Денон не терял времени даром и немедленно приступил к работе. Всего через шесть недель после своего назначения он пригласил Наполеона посетить Лувр и осмотреть новую экспозицию картин Рафаэля. Директор был явно доволен результатом: «Это похоже на жизнеописание владыки над всеми художниками. Пройдя по галерее впервые, вы обнаружите, что это [новая развеска] внушает чувство порядка, поучительности и систематичности. Я намерен проделать то же самое со всеми школами, и через несколько месяцев посетитель музея сможет получить исторический курс по искусству живописи»[14].

Центральное место в зале Рафаэля занимало «Преображение» (1518–1520), окруженное с двух сторон «Коронованием Марии» (1503) и «Святым семейством Франциска I» (1518). Вверху слева и справа висели две картины учителя Рафаэля, Пьетро Перуджино. Экспозиция также включала «Портрет Бальдассаре Кастильоне» (1514–1515) и несколько створок «Алтаря Бальони». Как объяснял Денон, картины отбирались так, чтобы «зритель с первого взгляда мог оценить широту гения художника, изумительную быстроту его развития и разнообразие жанров, в которых нашел выражение его талант»[15].

Таким образом, творчество Рафаэля, представленное в этой небольшой ретроспективе, было проиллюстрировано несколькими его картинами из числа наиболее прославленных. Выставка напоминала организацию рисунков художников в знаменитой «Книге рисунков» Джорджо Вазари[16]: действительно, своим вкусом и эстетическими суждениями Денон был в значительной степени обязан итальянскому маньеристу.

Однако коллекция античной скульптуры из Ватикана предоставляла гораздо меньше возможностей для использования метода, успешно освоенного в организации экспозиции картин в Большой галерее. Хотя эта коллекция и содержала практически полный канон классической скульптуры, представленный у Иоганна Винкельмана и в этом виде известный XVIII веку, она была значительно меньше собрания живописи, а установить ее надежную хронологию было невозможно, поскольку датировка античных памятников по стилистическим признакам еще только зарождалась. В довершение всех сложностей ученые уже начали понимать, что бóльшая часть скульптур, объявленных Винкельманом вершиной греческой цивилизации, в действительности представляет собой римские копии. Система классификации Винкельмана и предложенная им хронология, весьма влиятельные в то время, были насквозь умозрительными и гадательными, имея под собой крайне мало веских доказательств. Существовала нехватка знаний, которую предстояло восполнить будущим поколениям. А Денону пришлось довольствоваться чисто эстетическим подходом: он просто скопировал устройство Ватиканского музея, откуда происходила большая часть скульптур.
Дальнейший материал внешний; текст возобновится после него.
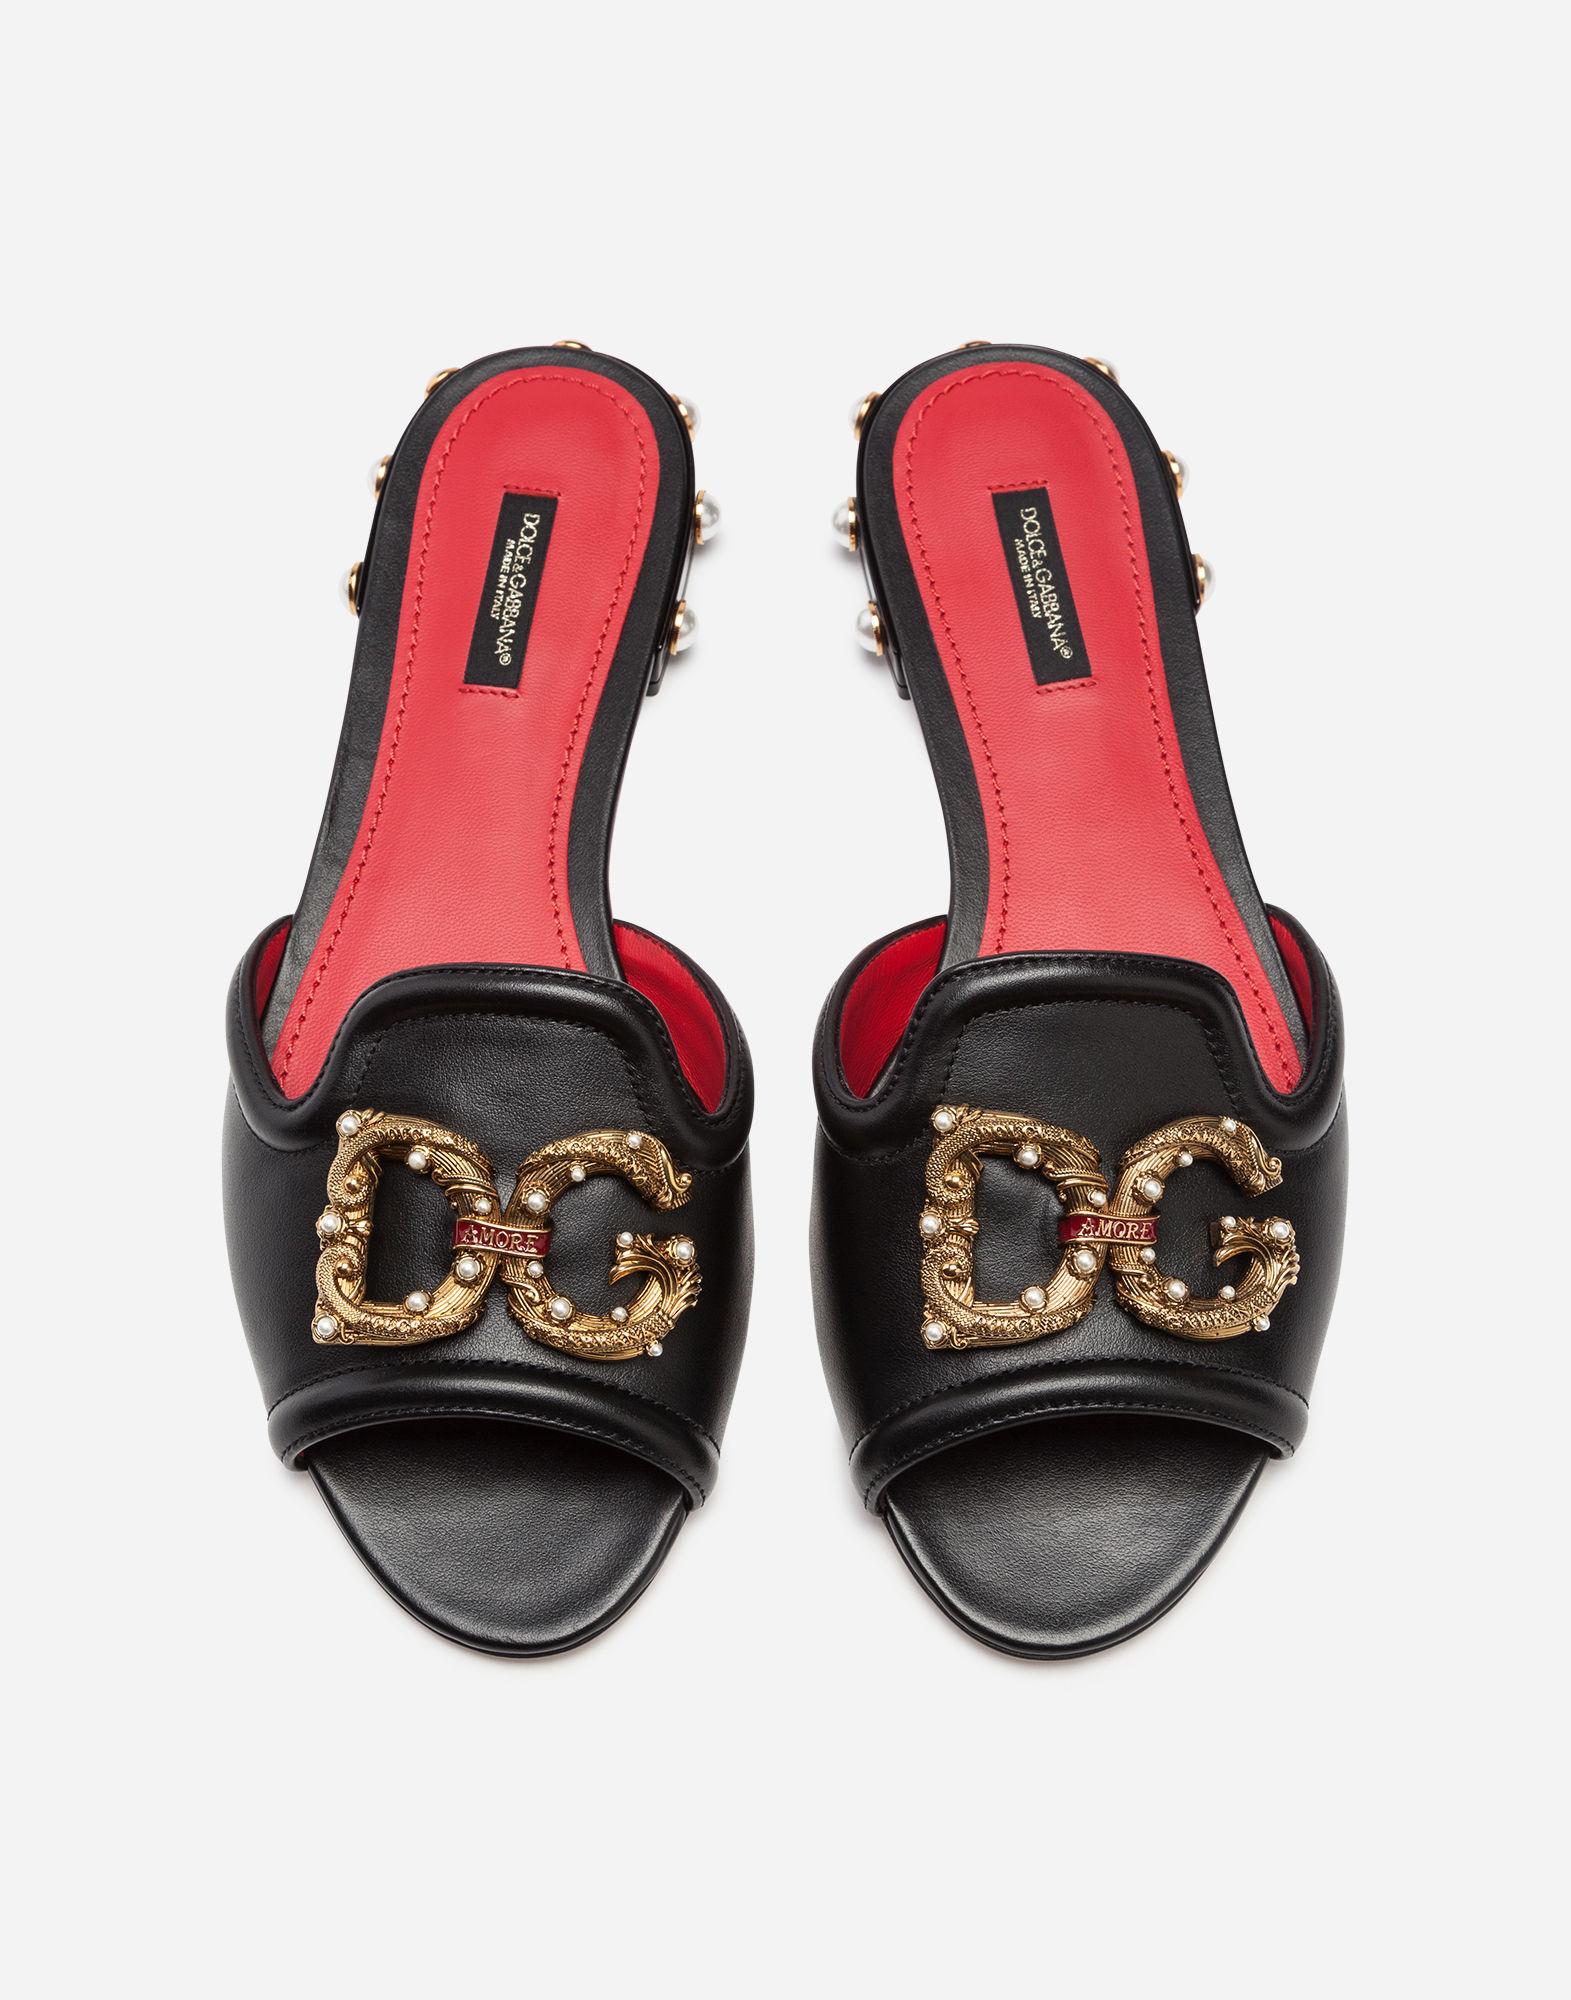 Dolce \u0026 Gabbana Leather Dg Amore Slides

Хотя, быть может, и не все разделы Большой галереи и музея в общем были столь же цельными, как зал Рафаэля, результат был признан весьма успешным. Денон создал экспозицию, основанную исключительно на хронологии, национальных школах и эволюции художников. Это был первый случай, когда центральную роль в экспонировании произведений искусства играли педагогические цели и художественно-историческая методология. Кроме того, Денону удалось самостоятельно осуществить переход от политико-идеологической организации музея к историко-документальной.

Увы, мечта Наполеона об универсальном музее имела недолгую жизнь, и после битвы при Ватерлоо в июне 1815 года и Венского конгресса большая часть произведений была возвращена законным владельцам. Счастливые десять лет Доминик Виван Денон управлял крупнейшей музейной коллекцией из когда-либо существовавших. Установление порядка в этом ошеломительном собрании было его высшим достижением и важнейшим вкладом в музеологию.

Хотя во многих отношениях Лувр и Британский музей развивались параллельно, между ними существовали принципиальные отличия, отражавшие разницу происхождения. В отличие от Лувра Британский музей никогда не был королевским дворцом, а его коллекция – экспроприированным королевским, церковным или аристократическим имуществом.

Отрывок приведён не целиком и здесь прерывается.